Local and global differences in signaling programs of c-Kit mutant mice are revealed by single-cell transcriptional profiling and functional assays. (A) Log₂ fold-change of the percentage of cells in a cluster in the W⁴¹/W⁴¹ WT data divided by the percentage of cells mapped to that cluster in the WT data. Left-hand and right-hand bars indicate fold-changes for samples from 2 separate mice. Fold changes are only displayed for WT clusters with >100 cells. (B) Division kinetics of single WT and W⁴¹/W⁴¹ HSCs. (C) Colony size of single WT and W⁴¹/W⁴¹ HSCs at day 10. The results in panel B are derived from 5 WT and 5 W⁴¹/W⁴¹ mice, in which at total of at least 500 single HSCs were analyzed per genotype. The results in panel C are derived from 6 WT and 7 W⁴¹/W⁴¹ mice. A total of 598 WT and 629 W⁴¹/W⁴¹ HSCs were analyzed in panel C. The frequency of HSCs that formed colonies was 94% in WT and 95% in W⁴¹/W⁴¹ mice. The means and standard error of the mean of the mice are indicated.

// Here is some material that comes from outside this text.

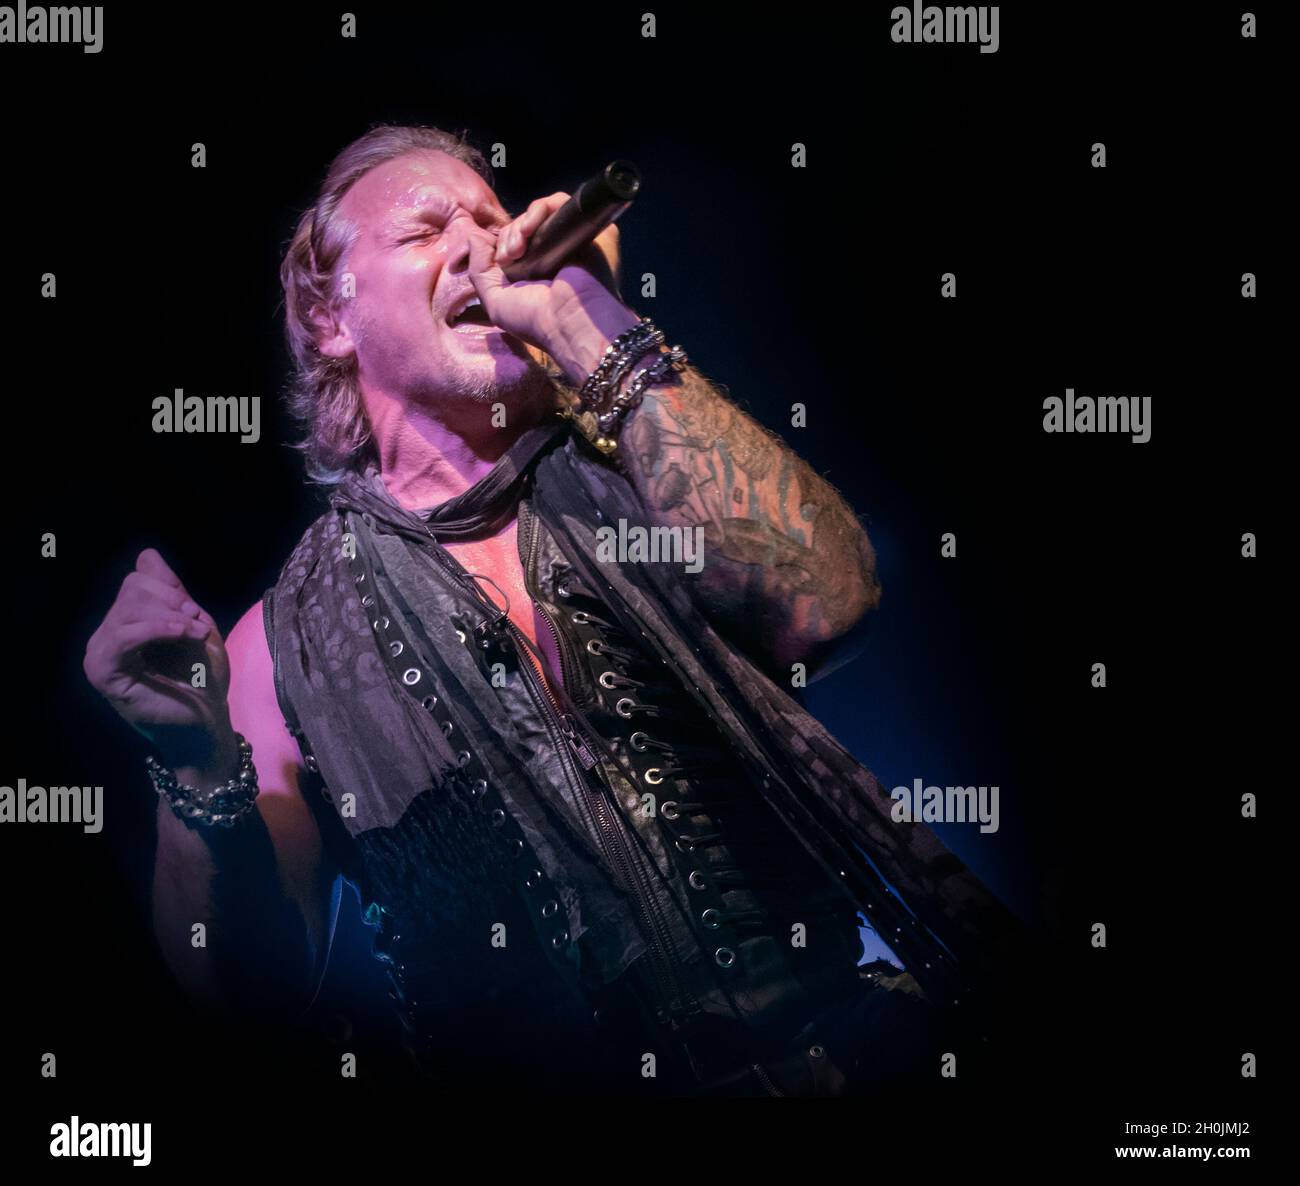 Fozzy (cantante Chris Jericho) vive in concerto presso la Birmingham O2 Academy 2, 27 ottobre 2017. Fotografia di musica dal vivo Foto Stock

Unpaired 2-tailed Student t tests for each time point; *P < .05, **P < .01. Clone size estimates: VS, very small (<50 cells); S, small (50-5000 cells); M, medium (5000-10 000 cells); L, large (10 000-50 000); and XL, extra large (≥50 000 cells). (D-G) Violin plots showing the distribution of selected genes in WT and corresponding W⁴¹/W⁴¹ clusters, as measured by scRNA-seq. Distributions are shown for clusters containing >100 WT cells. Colors correspond to those in Figure 4. Data from WT and W⁴¹/W⁴¹ mice were normalized independently.